VI
В это время дверь кабинета открылась и вошла девушка. Она на цыпочках подошла к г-ну д’Авриньи и, взглянув на него с выражением грусти, какую трудно было представить на ее обычно улыбающемся лице, мягко положила руку ему на плечо.
Господин д’Авриньи вздрогнул и поднял голову.
— А, это ты, моя дорогая Антуанетта, — сказал он. — Добро пожаловать!
— Повторите ли вы эти добрые слова через минуту, дядюшка?
— И почему же я должен изменить свое отношение к тебе, дитя мое?
— Да ведь я пришла, чтобы вас бранить.
— Ты меня собираешься бранить?
— Да.
— И чем я это заслужил?
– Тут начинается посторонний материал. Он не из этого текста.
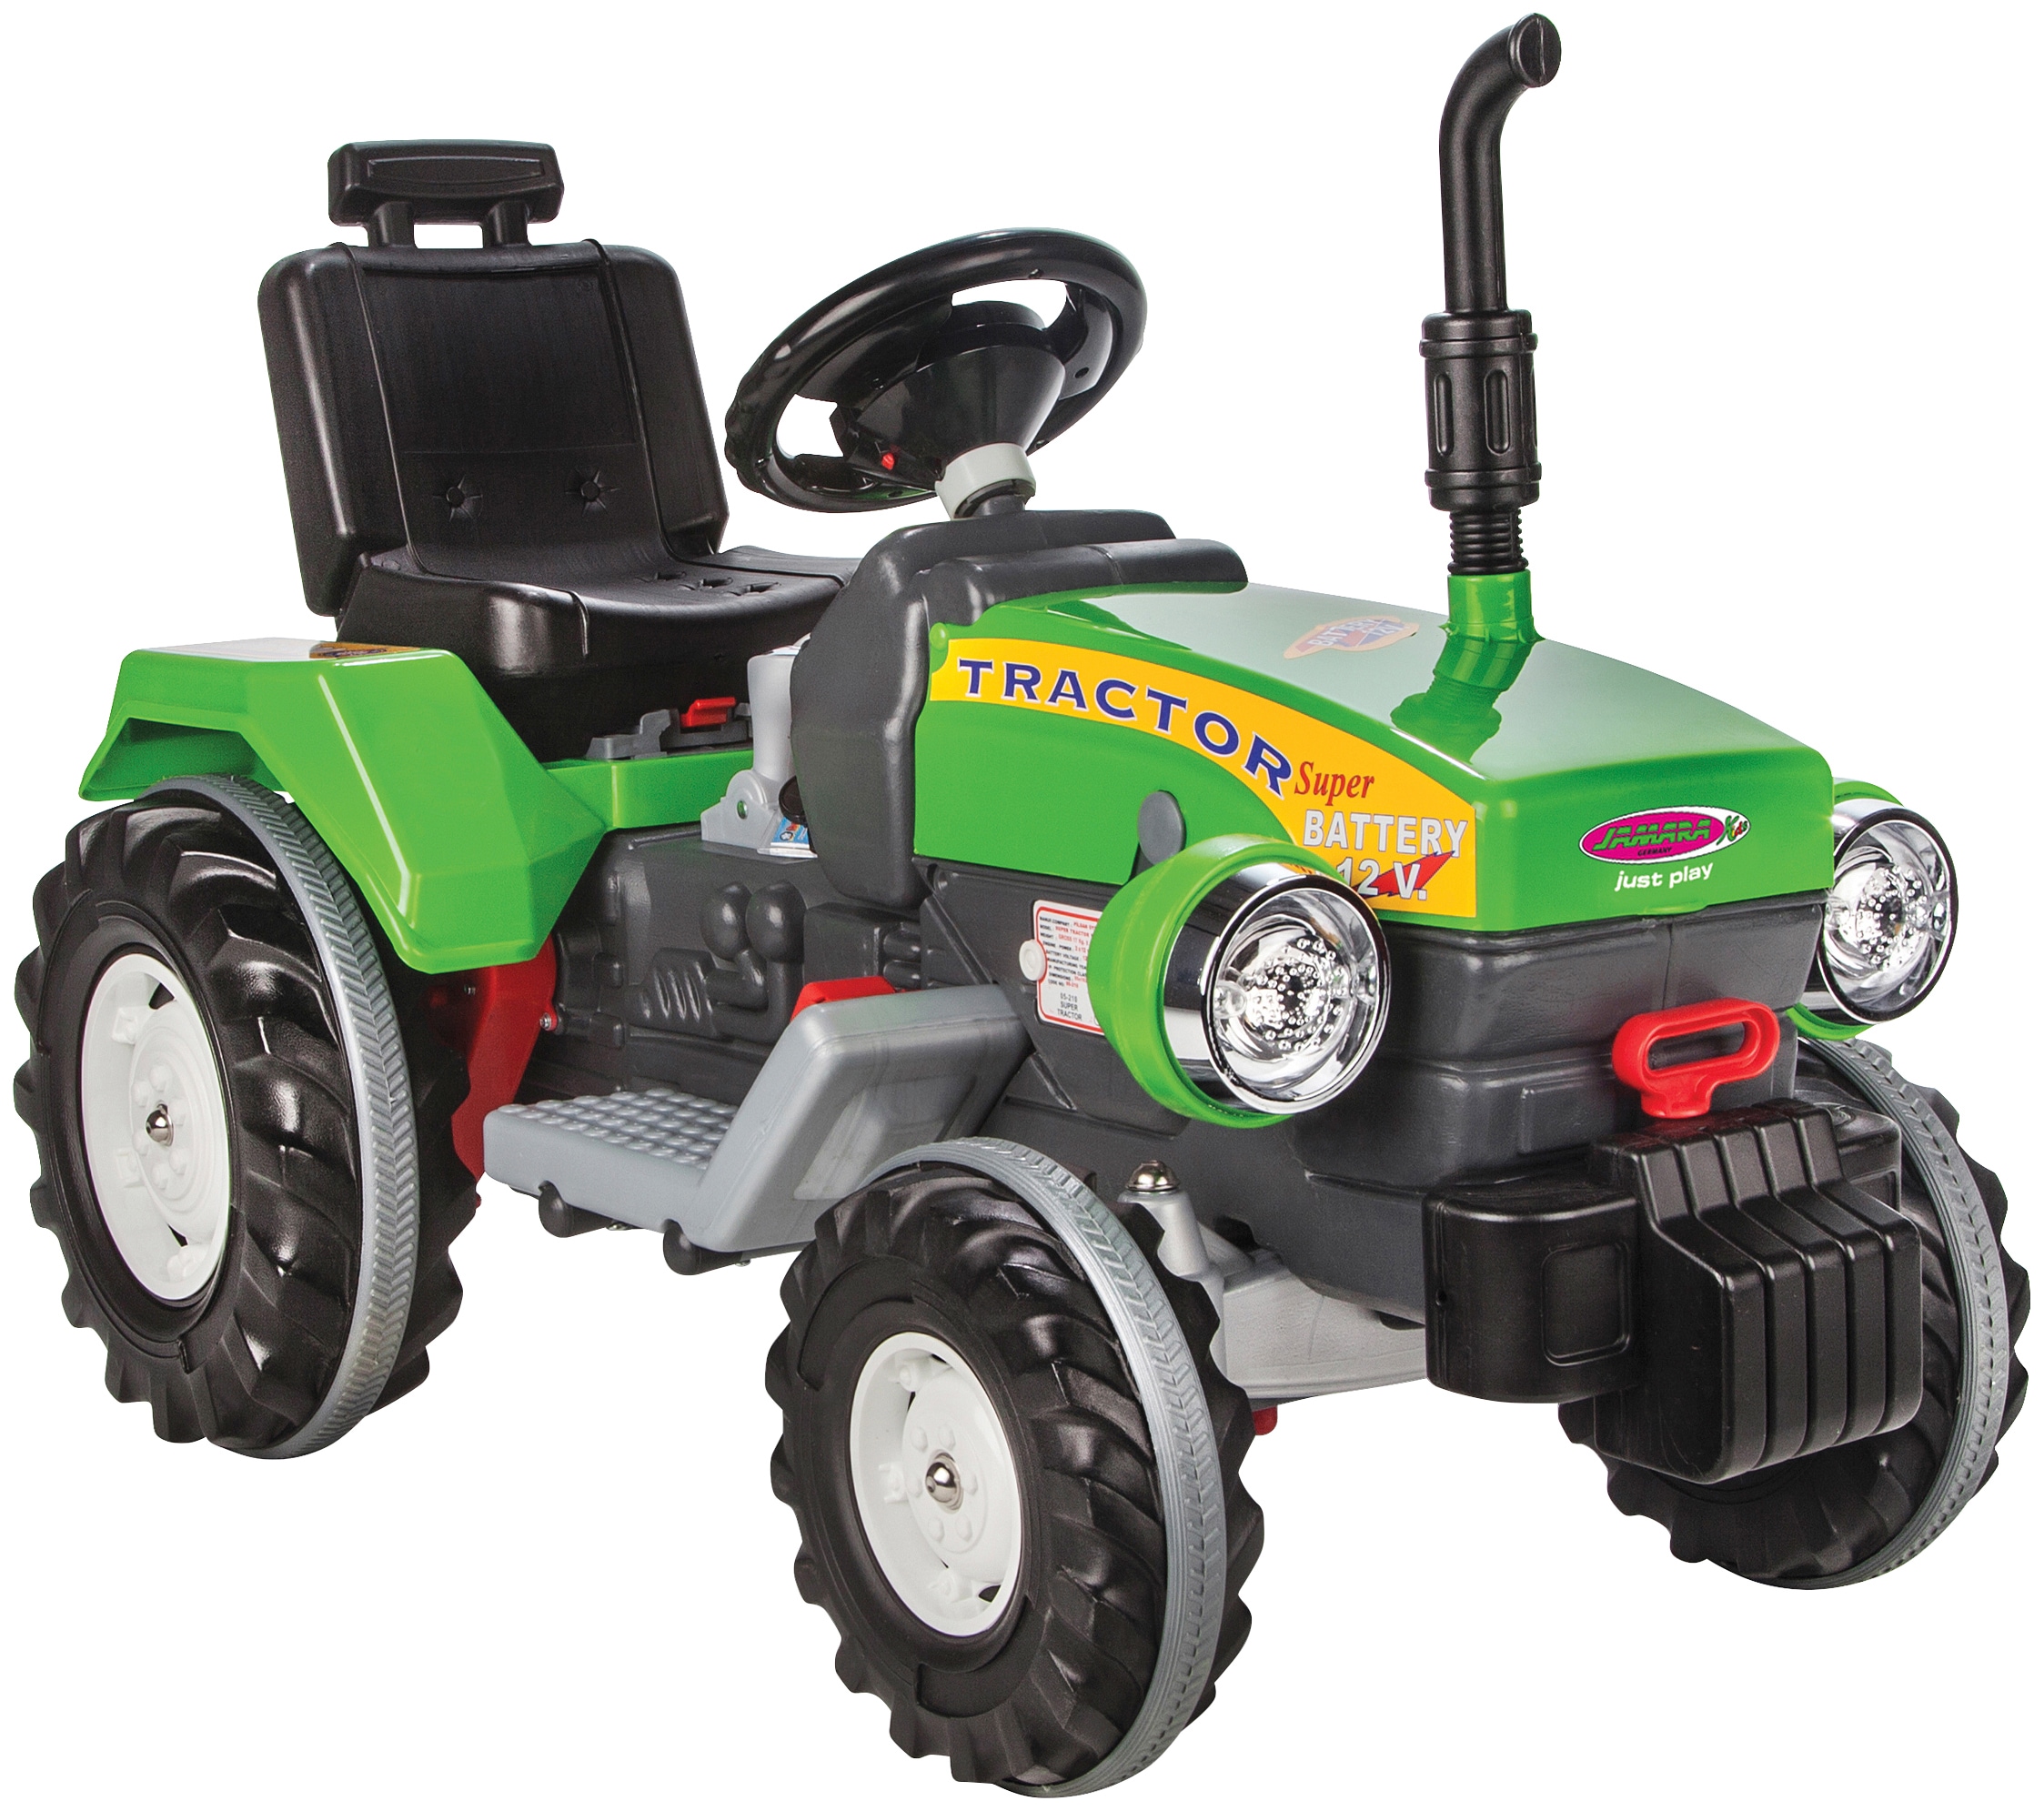 Jamara Elektro-Kinderauto »Traktor Power Dragl«, ab 3 Jahren, bis 35 kg

Говори.
— Дядюшка, то, что я собираюсь вам сказать, очень серьезно.
— Действительно?
— Да, так серьезно, что я не осмеливаюсь…
— Антуанетта, моя дорогая племянница, не осмеливается мне что-то сказать! О чем же тогда она собирается со мной говорить?
— Увы, дядюшка, о таком, о чем не говорят в моем возрасте и в моем положении.
— Говори, Антуанетта. Под твоей веселостью скрывается задумчивость, под твоим легкомыслием я давно заметил глубокую рассудительность, говори… Особенно, если ты собираешься говорить о моей дочери.
— Да, дядя, я как раз собираюсь говорить о ней.
— Ну, что ты собираешься мне сказать?
— Я хочу вам сказать, мой добрый дядюшка… О, извините меня… Я осмелюсь вам сказать, что вы слишком любите Мадлен… Вы ее убьете!..
— Я! Ее убить! Боже, что ты хочешь этим сказать?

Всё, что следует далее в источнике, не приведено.